La mesa
Ernesto Cera Tecla
Esa tarde, el cansancio no era para menos, el tráfico de la ciudad
y el trabajo de gabinete me habían agotado. Pero el deseo de ir al Café me
levantó el ánimo. Quizá porque no siempre la vida nos obsequia días memorables.
Motivado, dejé la computadora y
me dirigí al espacio decorado
de arte sacro, artesanía mexicana y litografías alusivas al grano
aromático. Al llegar, deslicé la puerta corrediza. No pude dar un paso más.
El pasado me detuvo. Mi mirada se prendió del lirio agazapado en la ventana.
Recordé la mesa que consagré esa tarde de verano. Sí, la tarde que la
joven caminaba por el circuito de la universidad de la Ciudad de México. Su mediana estatura igualaba perfectamente su cuerpo
esbelto. Sus ojos grandes miraban un punto sin fin en el horizonte. Su piel bronceada
resplandecía bajo el sol. Sus labios carnosos presumían sus dientes de cisnes.
Sus cabellos largos y rizados se perdían en el color de la noche. La joven atesoraba una belleza inusual, afable, difícil de olvidar.
Tras el recuerdo, entré al salón aromatizado de café. Las flores
flamencos colgaban en cada esquina. El reloj de pared lidiaba furioso con el
tiempo. Las mesas de encino aguardaban impacientes por todos lados. El Café se había mistificado. Busqué la mesa
inolvidable, pero unos jóvenes uacemitas la tenían ocupada. El anhelo de mirar
sus cabellos largos y negros se esfumó con el bullicio de la avenida.
Desganado, tomé la mesa que encontré a mi paso. La añoranza
me hizo indiferente a mis sentidos. En otra mesa no podíamos encontrarnos ni
platicarnos. Perturbado, abrí el
periódico. Intenté distraer la desilusión.
—“Decena
trágica...”— leí.
No pude más. Regresé el Diario a su lugar. Pedí a la mesera me
permitiera poner un disco. Aceptó gustosa. Me dirigí a la computadora y a la discografía. Escogí Poetas de
la guitarra. Inserté el cidi y me apresté a reproducirlo. Pero una fuerza extraña me
impidió hacerlo. Mi no sentido entendió el misterio y paralizó mi cuerpo tras
el cristal polarizado.
—¡No puede ser!— exclamé en silencio.
—¡Sí! Es ella— volví a decirme asombrado.

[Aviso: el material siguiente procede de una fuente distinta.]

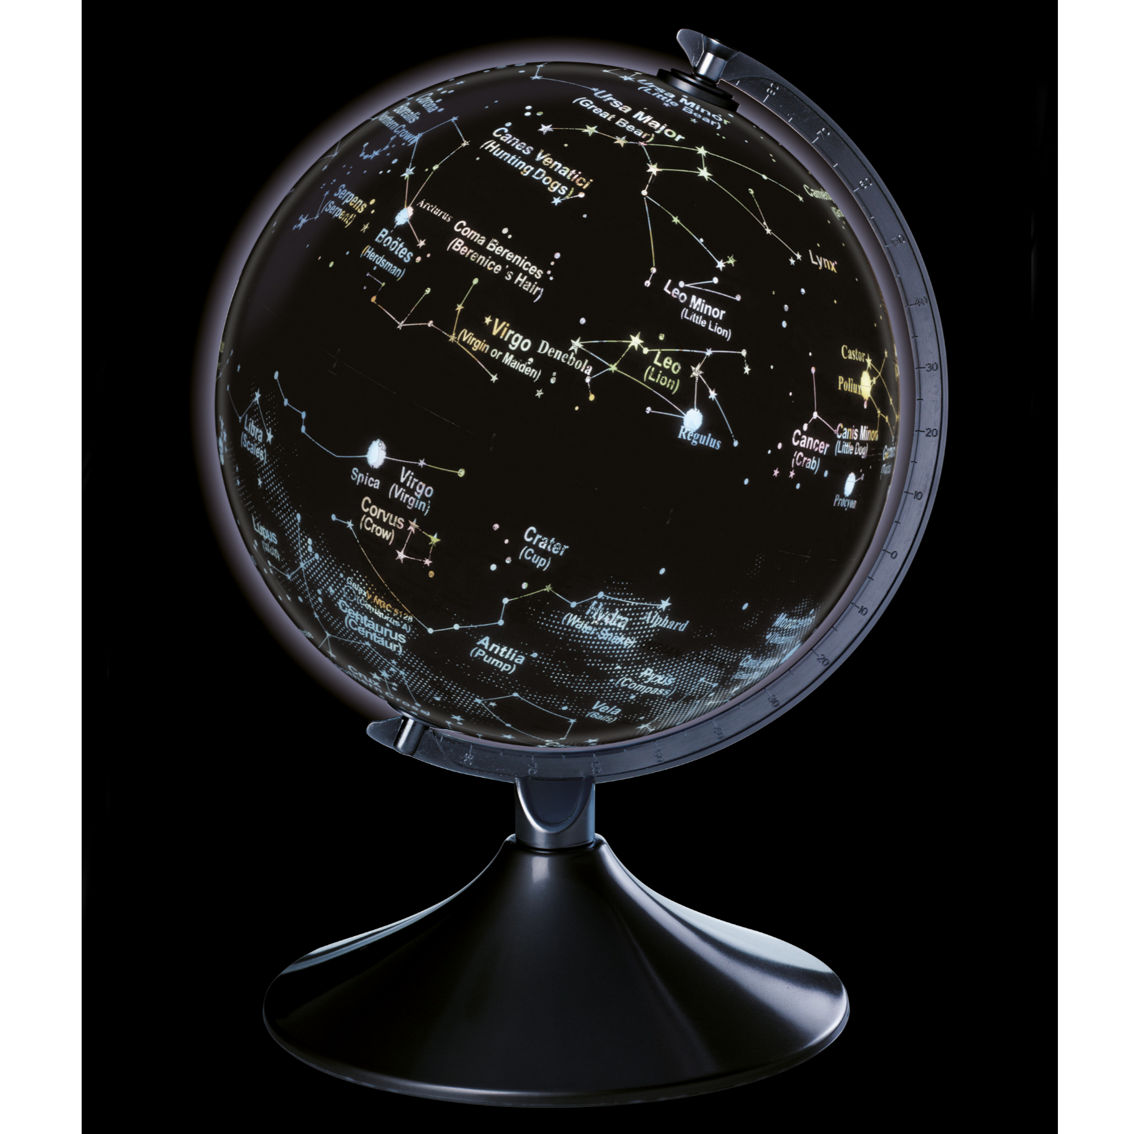 Brainstorm Toys 2 in 1 Globe, Earth and Constellations - Image 2 of 5

Los jóvenes de la mesa consagrada
callaron y la miraron cruzar de frente. La silueta de la chica tomó la
palabra del silencio. Su falda floreada y entallada dejó
entrever sus muslos desnudos de ébano. Su blusa transparente presumió las luces
de dos luciérnagas palpitantes. Los trazos se pelearon por dibujar su extravagante
cuerpo. La joven trigueña esparció, sin aflicción, su exotismo. La saludé con un
suspiro por la espalda. Conmovido, le
sonreí y volví a la
computadora. Lancé la música.
Los poemas de la música se fundieron en el silencio. Ella se sentó frente a mi
mesa y pidió un té de frutas. Yo, había terminado, pero tuve el deseo de un
café más.
—¡Hola!— la saludé.
—¡Hola!— me contestó a medias.
Después del cumplido, me dijo que la
música le gustaba. En mi turno contesté:
gracias. Enseguida, cruzó las piernas, levantó la espalda hasta pronunciar sus
pechos y se recogió el cabello para extasiarse. Inmóvil, suspiré y bebí el aire
cálido y dulce de sus movimientos. Mientras la música fluía, nos miramos una y
otra vez, platicamos en silencio. La tarde se hizo suave y sensible. Las notas de la música se esparcieron por
todos lados. El ruido se suspendió por instantes. La charla siguió hasta que el
disco decretó una tregua. Al terminar la primera pieza, los chicos de la mesa del
recuerdo se marcharon. No le di importancia. Volvimos al diálogo. Pero
apenas terminé mi turno, el ruido de la puerta corrediza nos detuvo. Un joven
entró apresurado. Se dirigió a Ella.
—¡Raquel! ¡Perdón por la tardanza!— dijo
apenado y sofocado.
—No te preocupes— respondió desganada.
El chico se disculpó con un beso. Pagó
la cuenta, se abrazaron y se retiraron.
Al verla partir, le grité con todas mis
fuerzas:
—¡Raquel!
No contestó.
Entonces las nubes pintaron de gris el cielo, la lluvia cayó en
el asfalto y el viento doblegó mi esperanza. No dije más frente a la mesa
consagrada. También pagué la cuenta y abandoné el Café sin despedirme.